The Protecting and Preserving Social Security Act is one of the proposed policies that seeks to make the Colas use the CPI-E ratio in place of the CPI-W. This change would most likely be effective in enhancing the real value of the Social Security benefits; however, it is very unlikely that this change will take place in the foreseeable future, and thus you will have to adjust yourself to a system that may not be more favorable to your financial needs shortly.

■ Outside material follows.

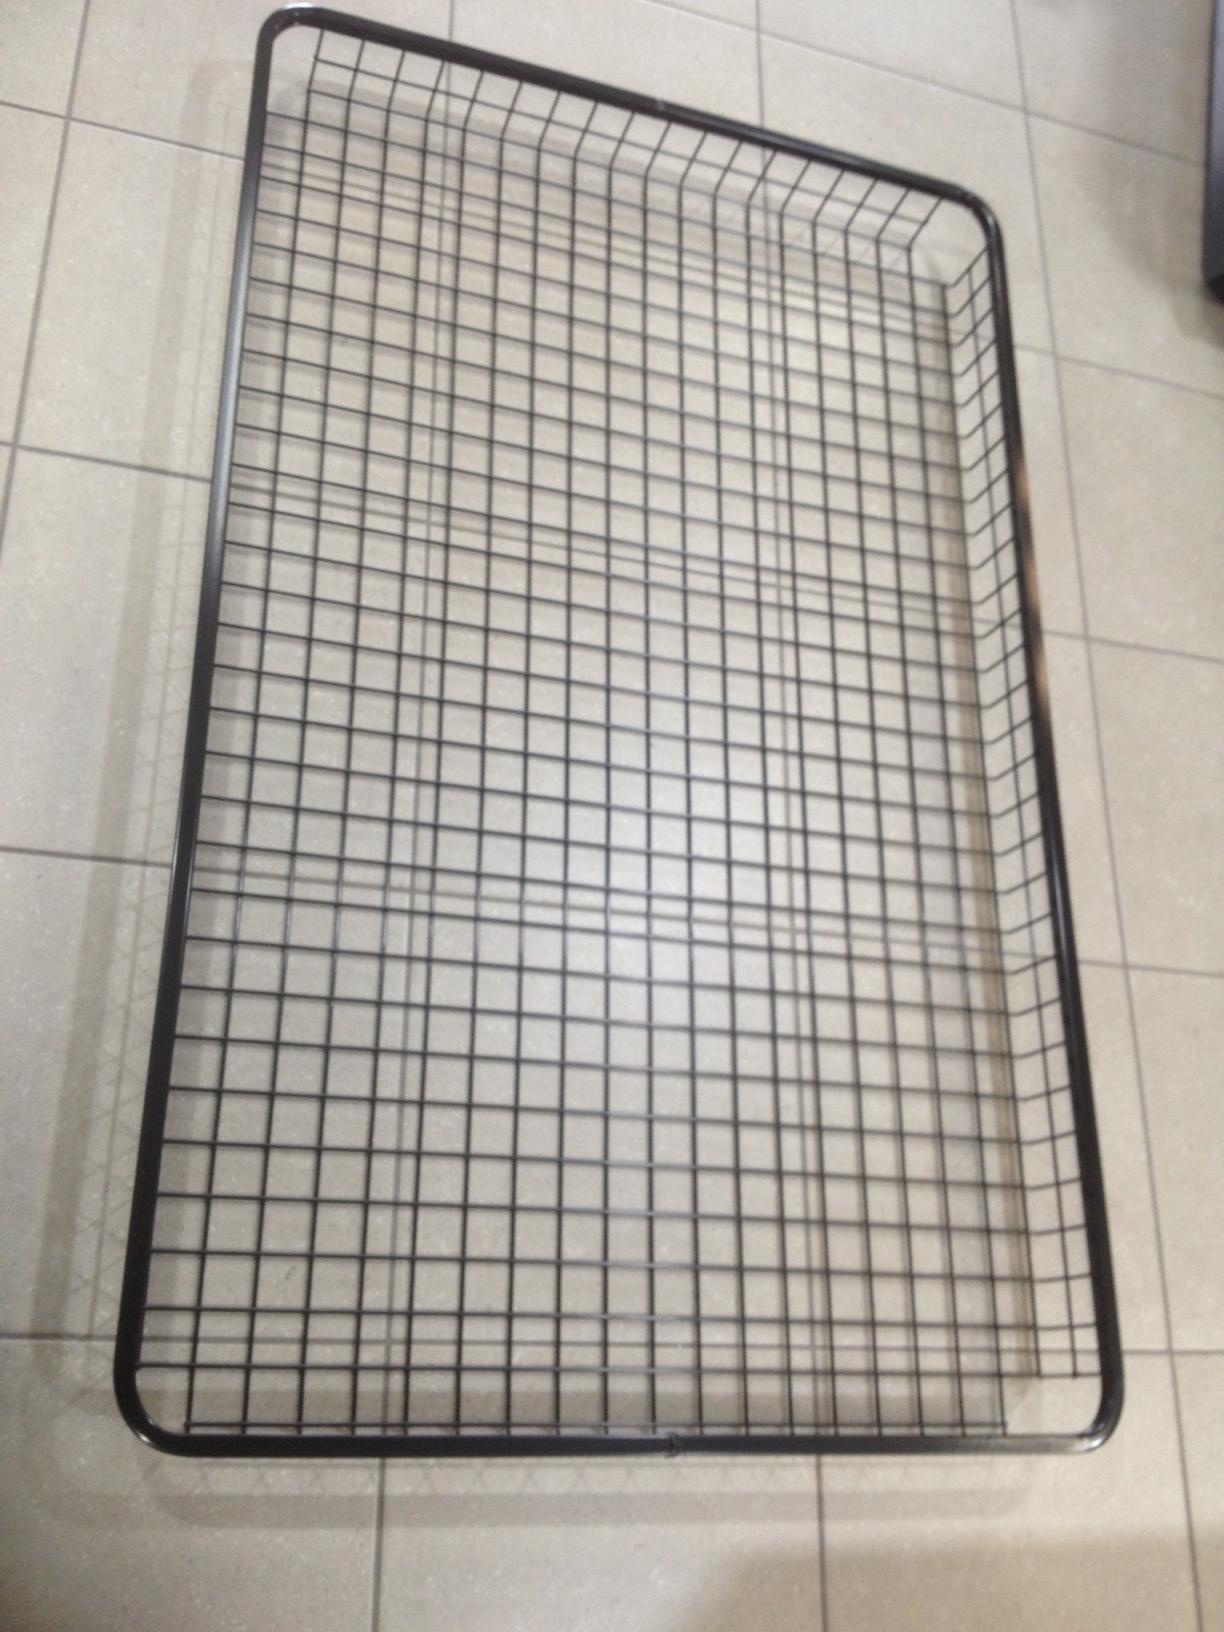 Steel Mesh Luggage Tray Basket Narrow 2200 X 450 X 120mm
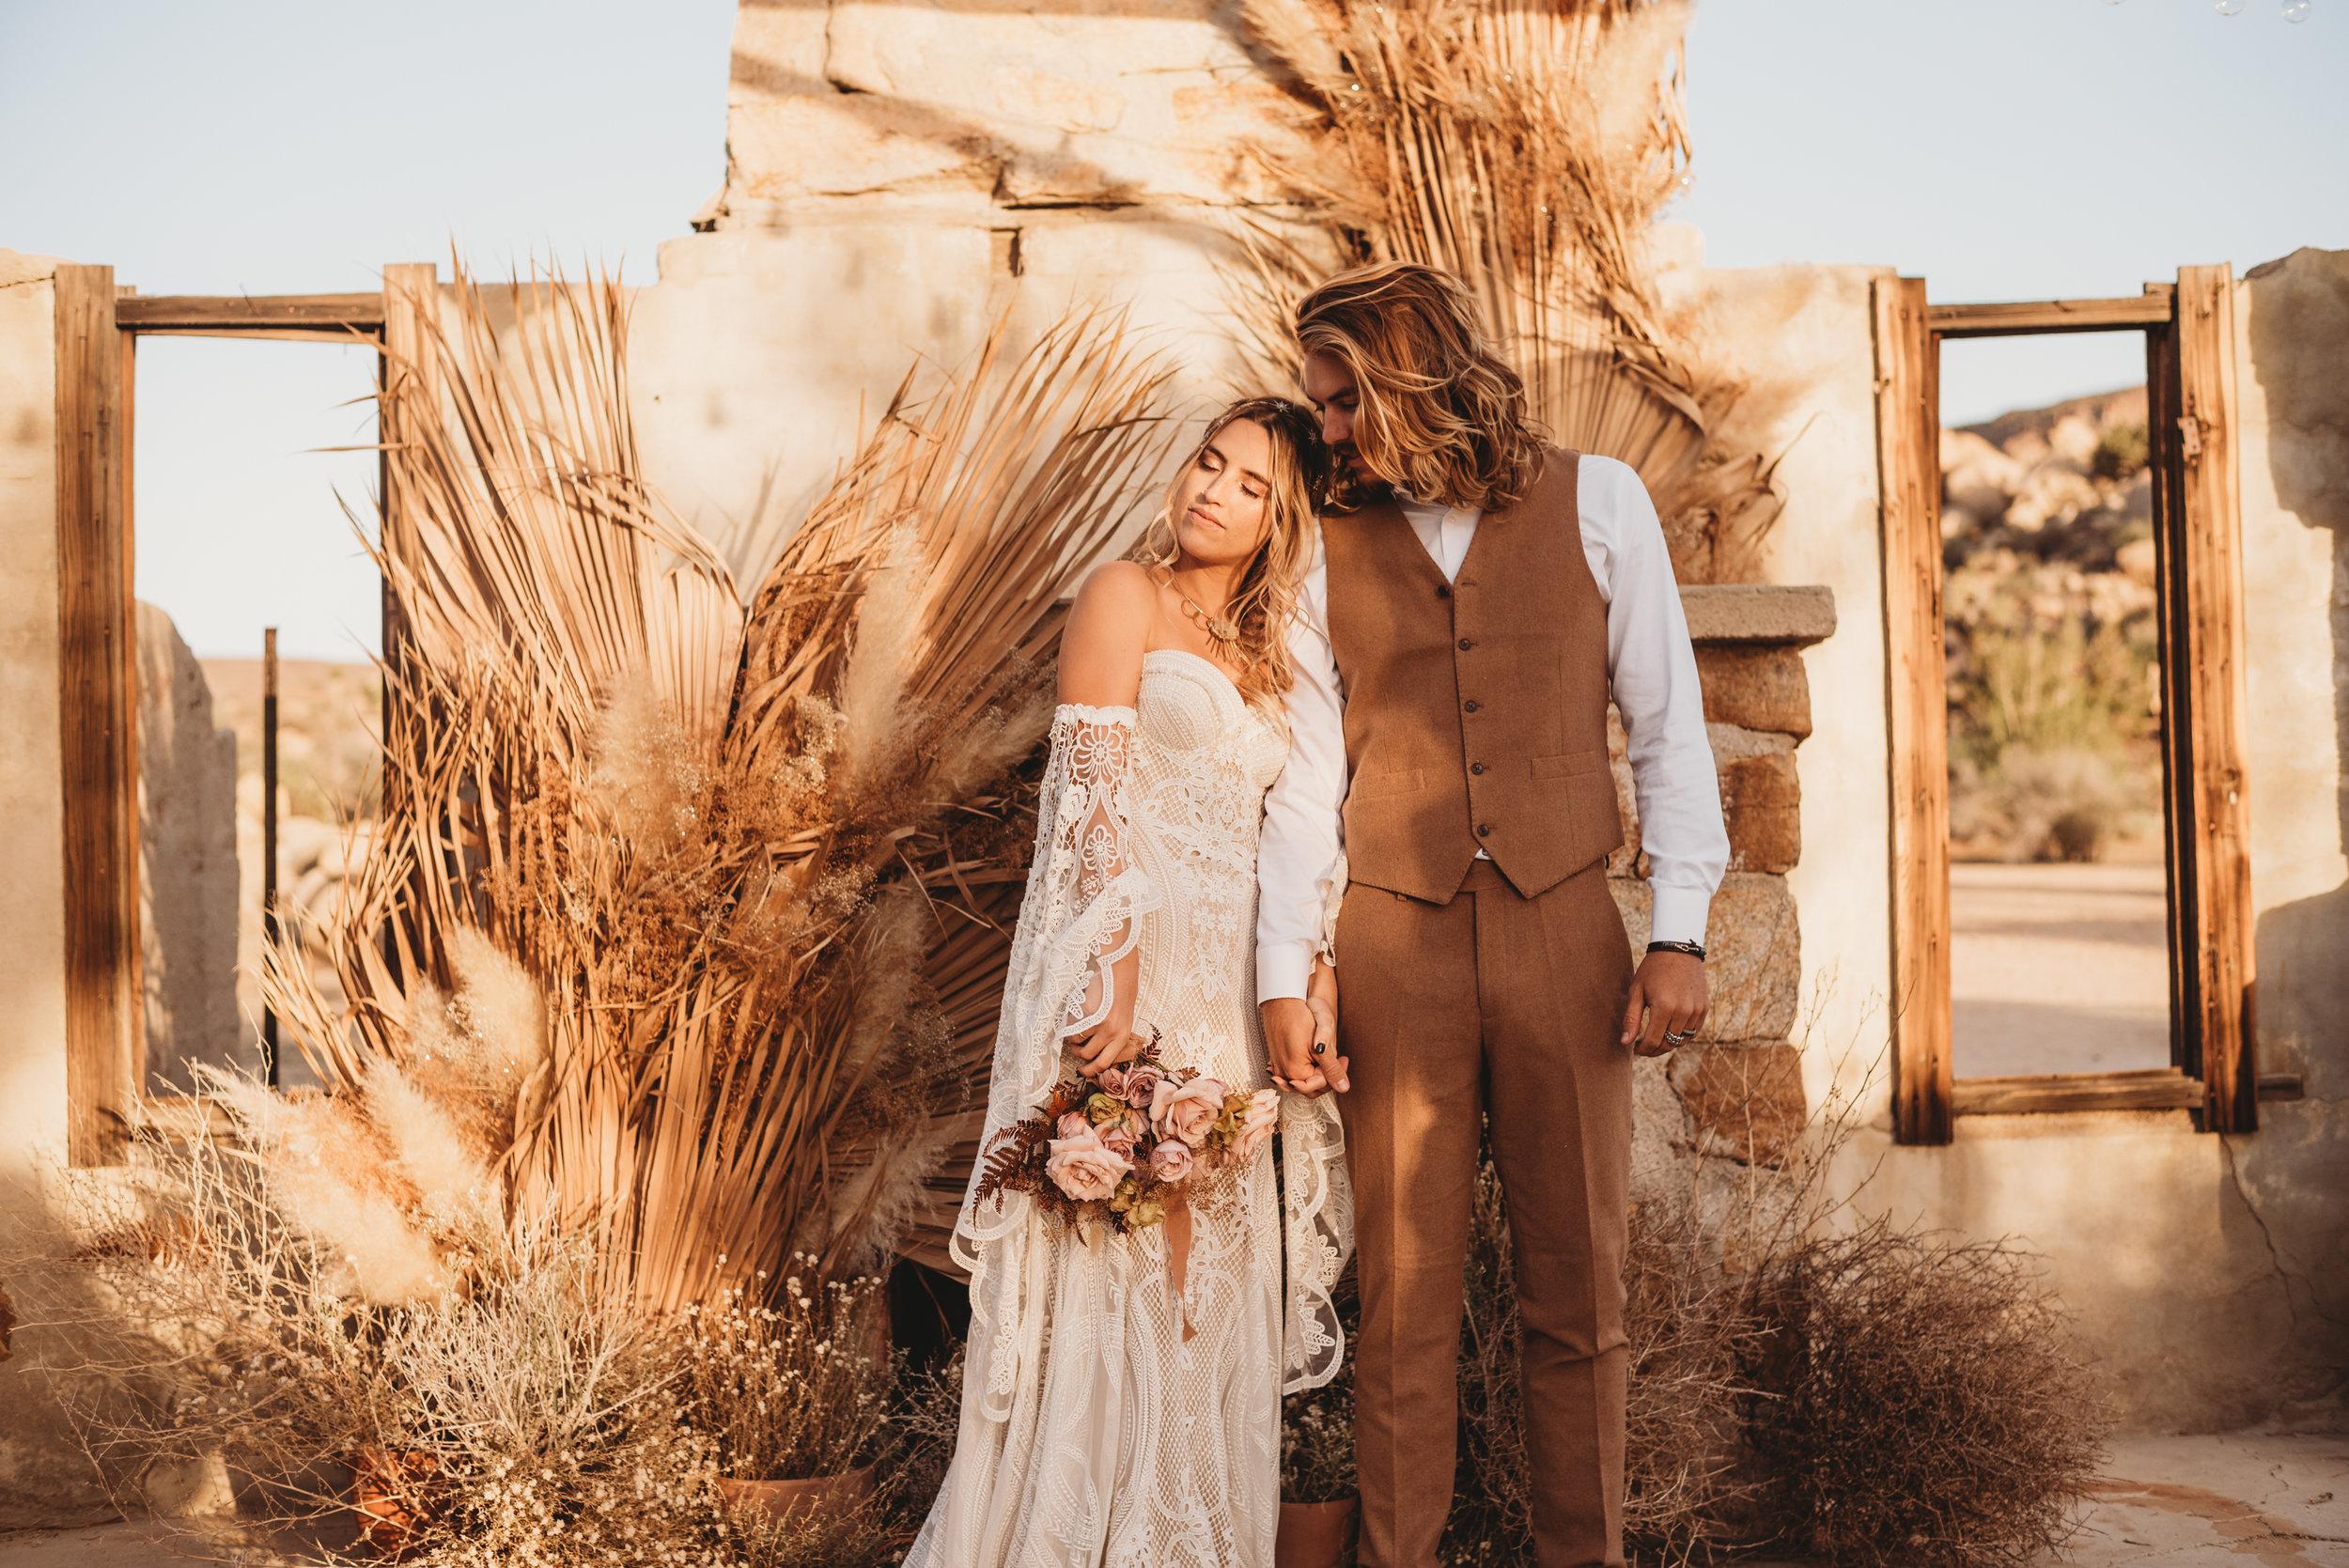 FortSt.John_photographer_TyraEPhotography_Wedding_Couple_Family_Photograhy_DawsonCreek_Elopement_Bride_Boduoir_Portraits-8257.jpg

Social Security Benefits Could Lose Purchasing Power Again
Unfortunately, the 2025 COLA is expected to fall short of real inflation for the second year in a row, further eroding your purchasing power. The CPI-E has been rising faster than the CPI-W, meaning retirees have already seen their benefits lose value in 2024. A similar outcome in 2025 could make budgeting even more difficult, especially with essential costs still on the rise.
What Can You Do?
Although you may not be able to affect how the COLA is calculated, there are some actions you can take to preserve your financial stability. If you can, consider getting a part-time job or look towards earning some additional income through ways such as certificates of deposits or high-yield savings accounts. Even during good times, there may be opportunities to sell stock in the high market to increase your cash reserves.
Given uncertain times regarding the COLA for Social Security and the risk of reliance on it, it is prudent to plan carefully and investigate possible ways of generating income during one’s retirement other than that provided by Social Security.